Then, I began to find classes where teachers told stories. Sometimes those classes were about foreign people and places and times. I couldn't understand them because I had never been there, but when the storytellers taught the classes I began to believe I had been there after all. Not all the teachers told stories, but I found myself going to the classes where stories were honored--even if it was a story about physics or chemistry. There were storytelling classes where the teacher believed what was being said was true but also knew it was a story. I found that even at a university there was a family of storytellers. Let me tell you a story.

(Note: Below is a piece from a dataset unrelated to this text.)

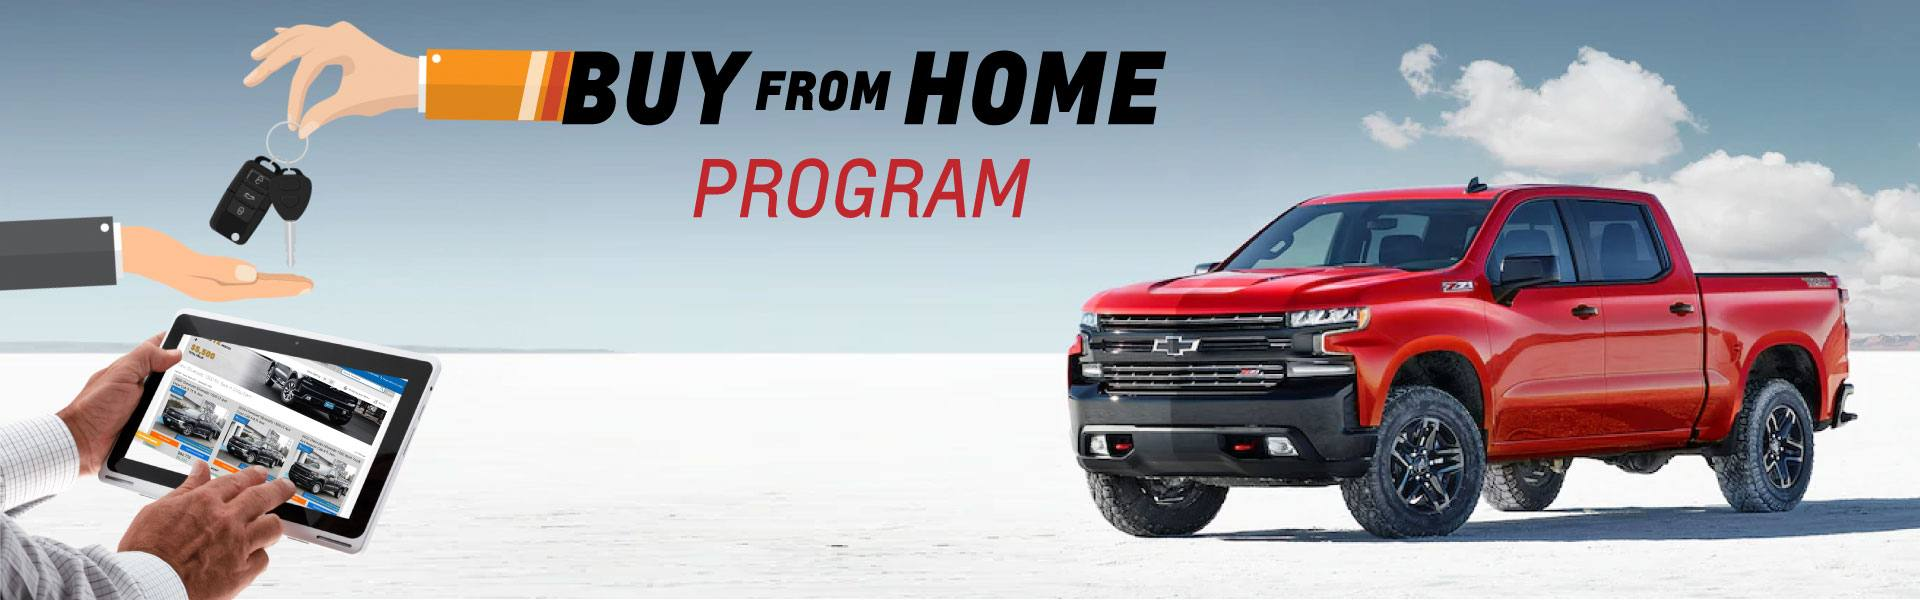 buy from home program

Listen. I promise that everything I say is true. When things started, some great one decided that what was being said would be. If men and women wanted to live a certain life, they just had to say so and the life would happen as it was told. The great one was all spirit and could join in any story that was told. In this way the great one became a part of every storyteller and connected one story to the next. The plan was to join the whole earth into one great story, and the storytelling family grew. But that kind of world could not last for long. Sometimes people told stories that were good for them and sometimes they did not. When something bad would come from a story, the teller decided not to tell stories anymore. Each story that was not told divided the people of the earth, and the family of storytellers shrunk.
The great one though about this for a long time and decided things would have to change. There would be a storytelling family and there would be others, but the only thing one of the others had to do to become a part of the family was to tell a story or to listen to one. The important thing the great one decided was that the listener and the storyteller would agree that the story was true. There is magic in agreeing to believe in each other, if only for the moment the story is told, and the magic is that the storyteller and the listener sit in the same place together. They are family for the time it takes to tell the story, to hear the story, to read the story, or to remember the story. The great one told his story of storytelling to everyone, but people forgot it. They forgot it because they were hungry or cold or frightened. I can't blame them, and I figure the great one didn't either. Still, everyone began to argue about which story was real and which story was not true instead of honoring each other's stories. The world got in a very bad way. When one person would say the moon is blue, another would doubt that could be true, and so the doubter could not be in the place with the person and the blue moon. Soon everyone was telling stories, but no one was listening. It may be that this became the way of the white man, and as the jokes say, "White men are stupid." I hope not. There is a family that goes beyond the limits of disbelief and stupidity. There is a family of storytellers who heal and comfort and inspire and share. I say this not because some book says so or because it seems to be something a white man should say when faced with the isolation and lonely landscape offered by disbelief. I say this simply because it is true.
What is left after such a story? Perhaps we can agree that there is much to be done. There must be those who will risk telling their story. A storyteller risks much because what is offered is a personal gift, and any story that gets told happens to the storyteller during the telling and happens to the story listener during the listening. We have to love a story to tell it. We have to be risk takers to listen to a story as well. All good stories wrap us in their arms. They are offerings of a quiet and curious love. When we offer something we love to someone else, we take the risk that the great one may want us to take. Some may think we are crazy. Some will not honor our story. Some will say we say cute things and treat us like puppies. Some may want to use our story to make themselves look better. Some may want to buy us since that seems to be the only story they know. There will be times when we want to be so alone no one can hear our story. There will be times when we can't find the words and will have to let silence speak for us. Even in silence we can tell a story if there is someone listening. There will be times when we speak a language that is not our own in order to encourage others to hear something at all. Believe. Someone listens. Someone hears a story and believes, and they storyteller and the listener become one for a moment and are healed. Because of this, it is the storyteller who holds the magic to make the world happen--to make the world family. I will keep telling my story because someone will listen. You tell your story too. I promise every word is true.